* [Task instructions]
Will you write out the data exactly, excluding every picture?

* [Dataset excerpt]
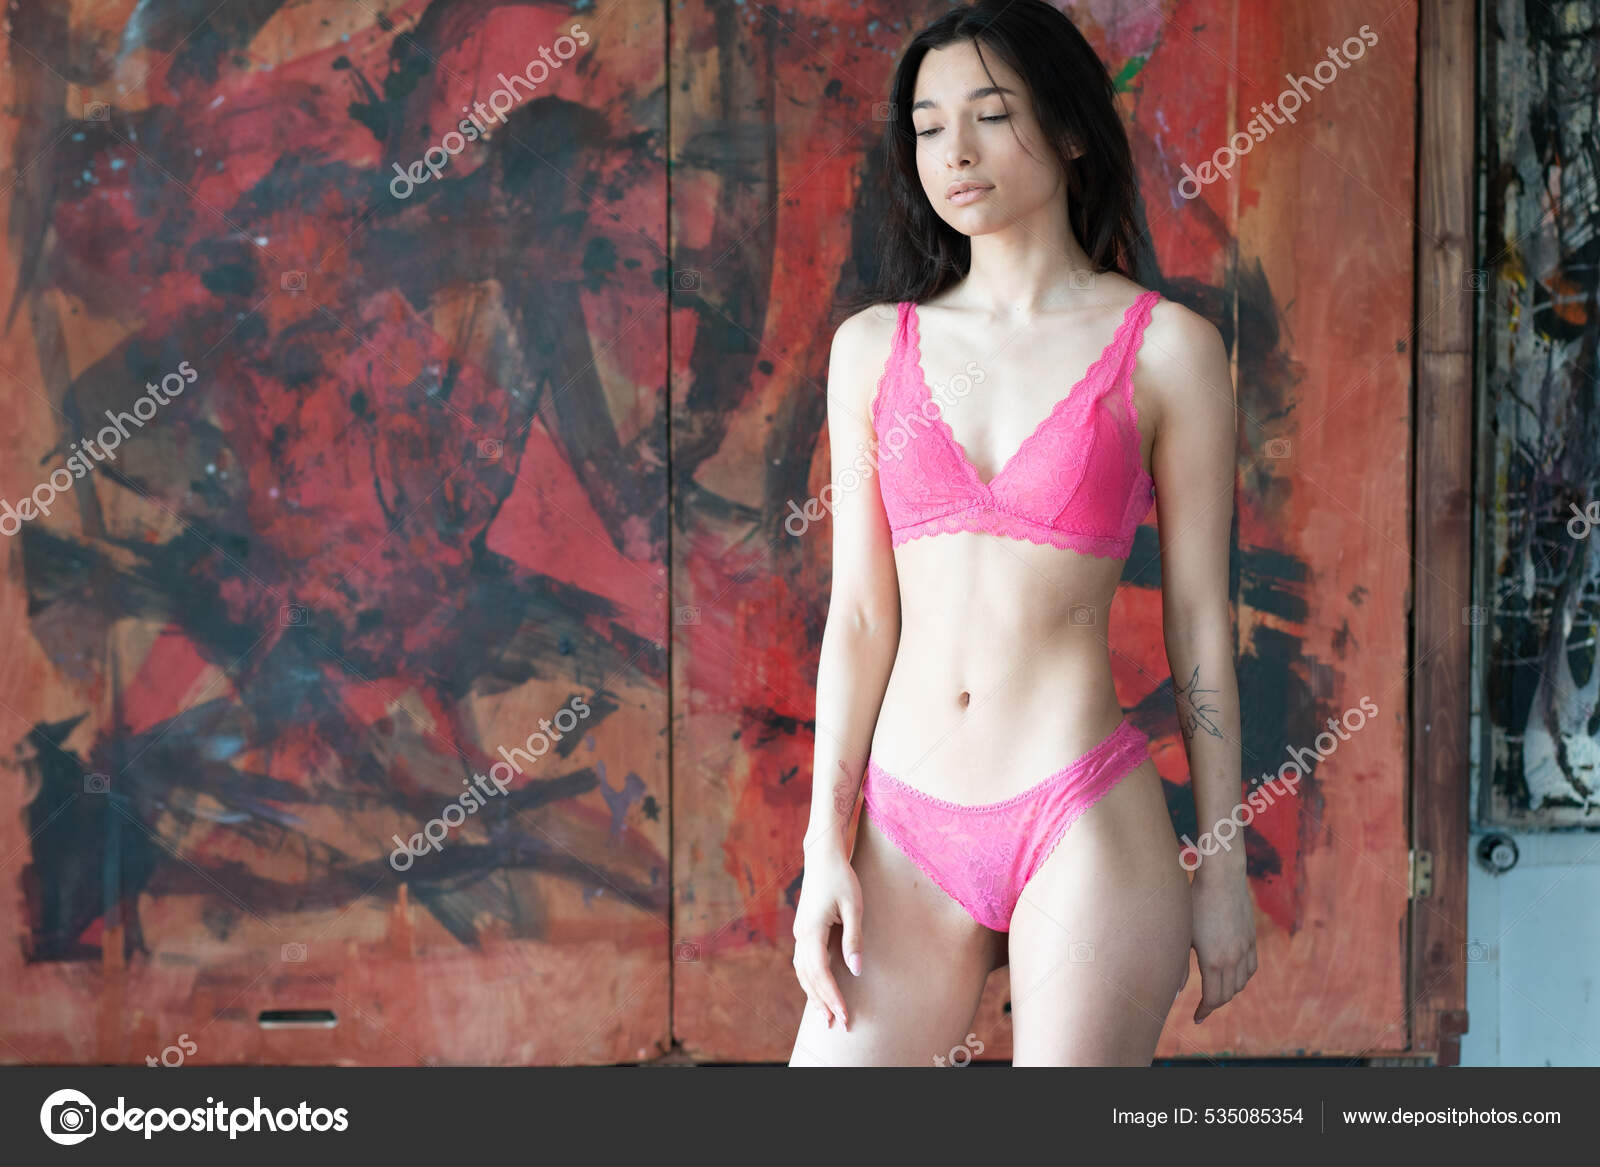 https://st.depositphotos.com/10086424/53508/i/1600/depositphotos_535085354-stock-photo-young-beautiful-woman-posing-red.jpg
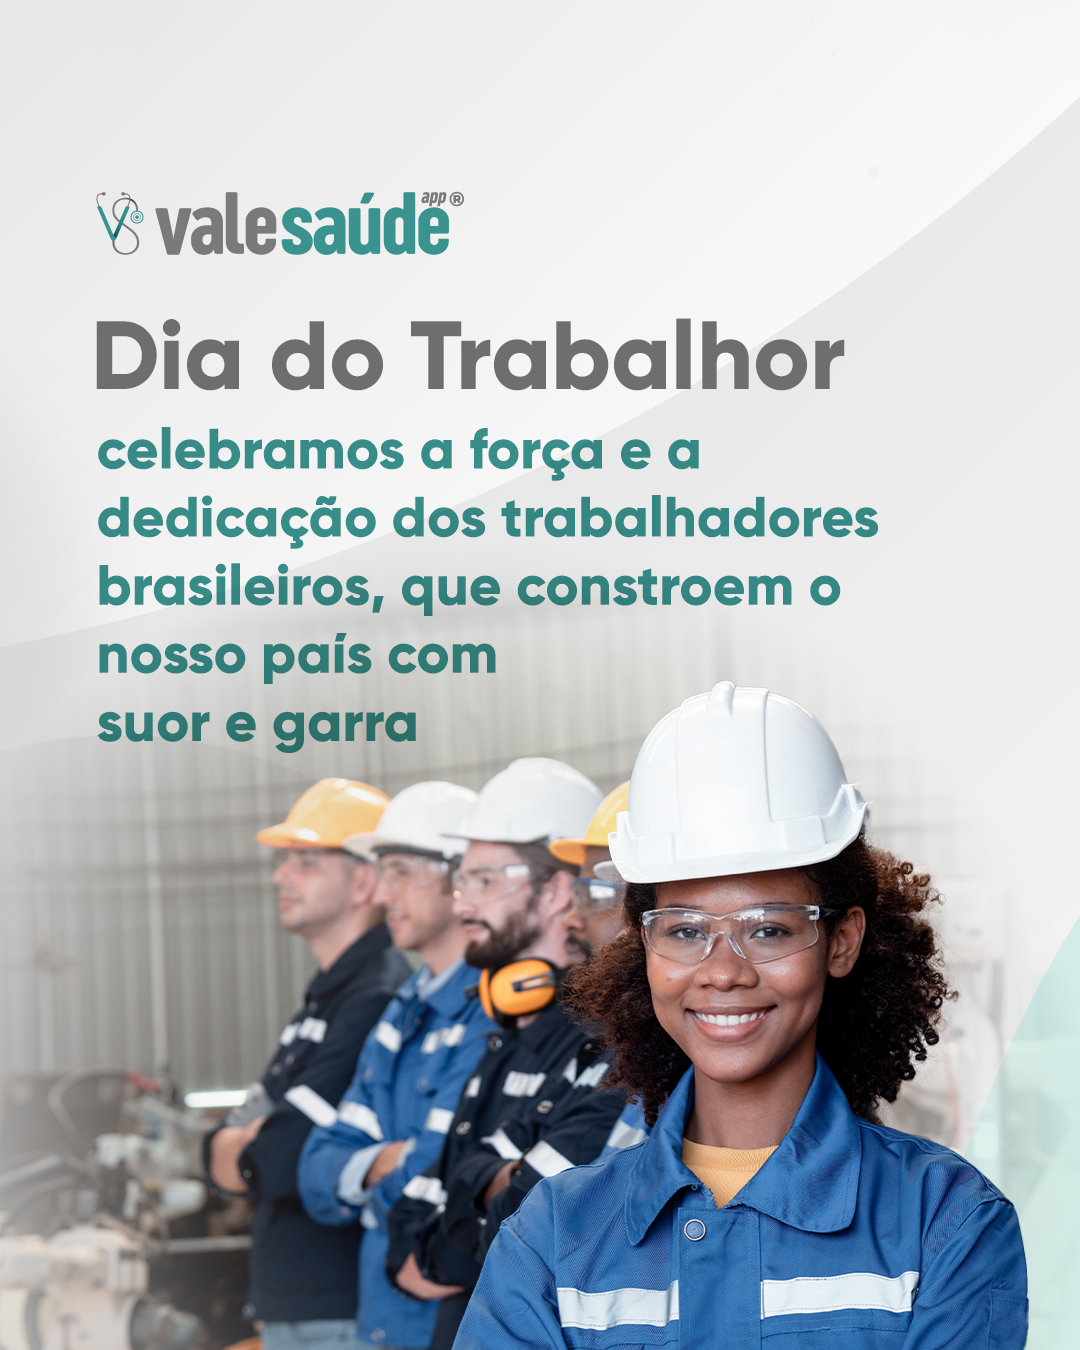 Dia do Trabalhador - celebramos a força e a dedicação dos trabalhadores brasileiros, que constroem o nosso país com suor e garra.
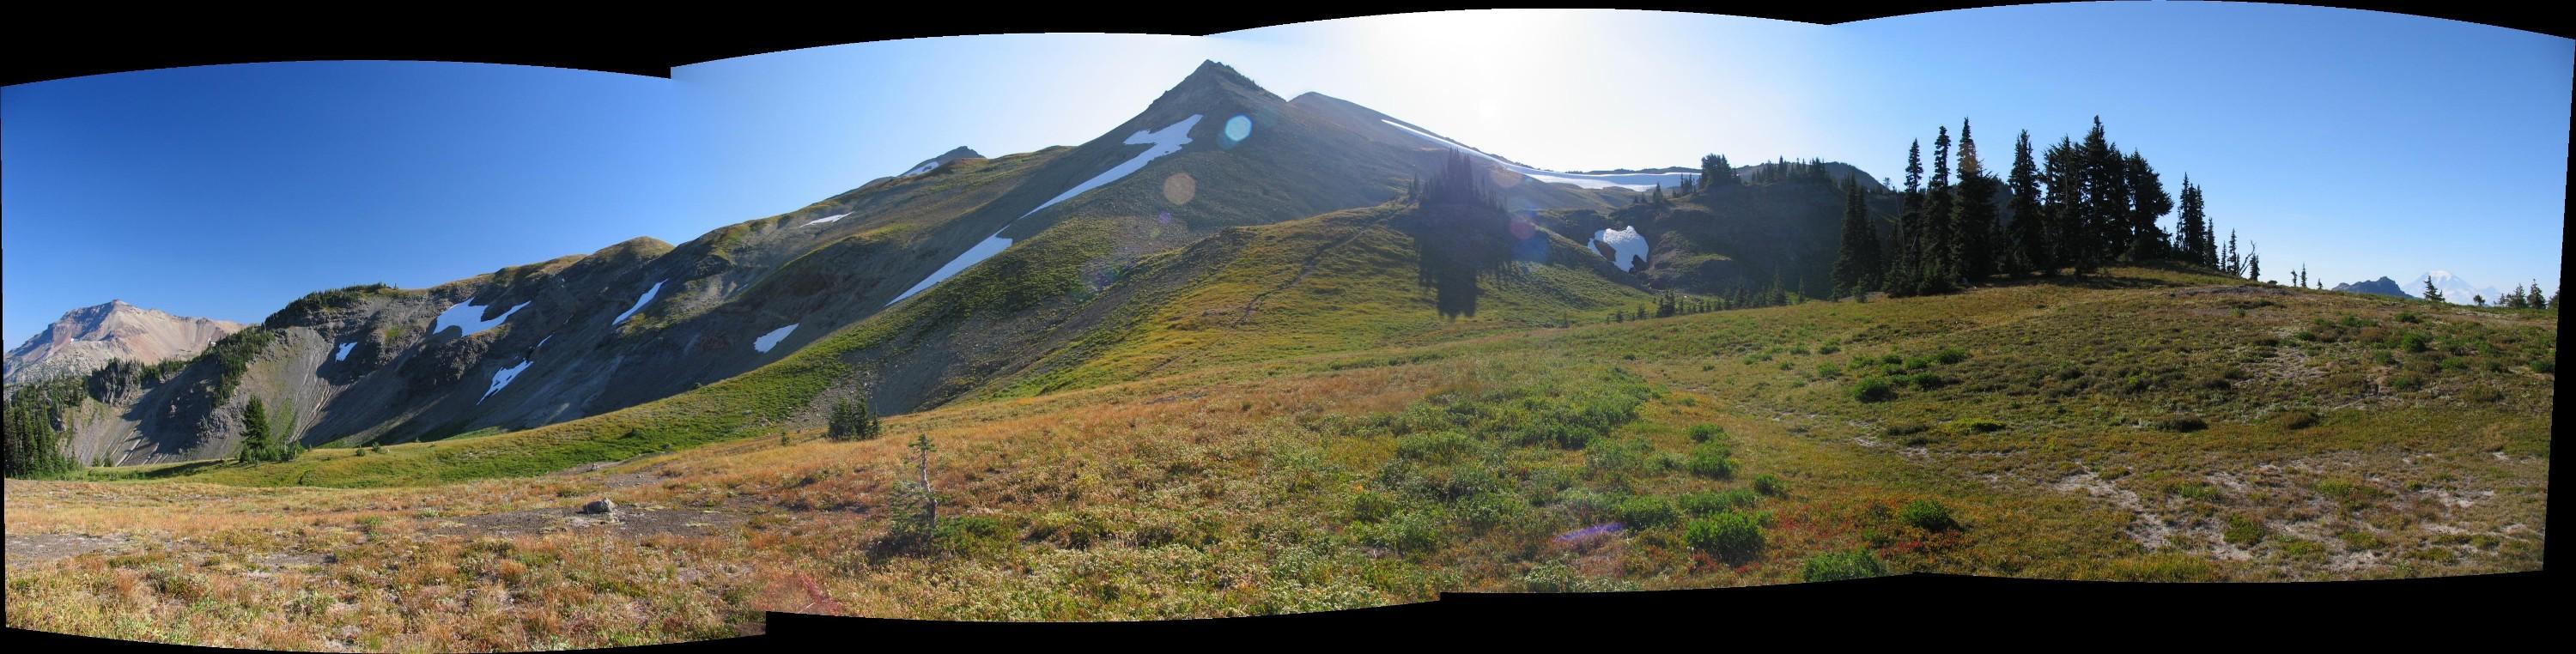 Peak 6768 campsite panorama

* [The answer]
 https://st.depositphotos.com/10086424/53508/i/1600/depositphotos_535085354-stock-photo-young-beautiful-woman-posing-red.jpg
 Dia do Trabalhador - celebramos a força e a dedicação dos trabalhadores brasileiros, que constroem o nosso país com suor e garra.
 Peak 6768 campsite panorama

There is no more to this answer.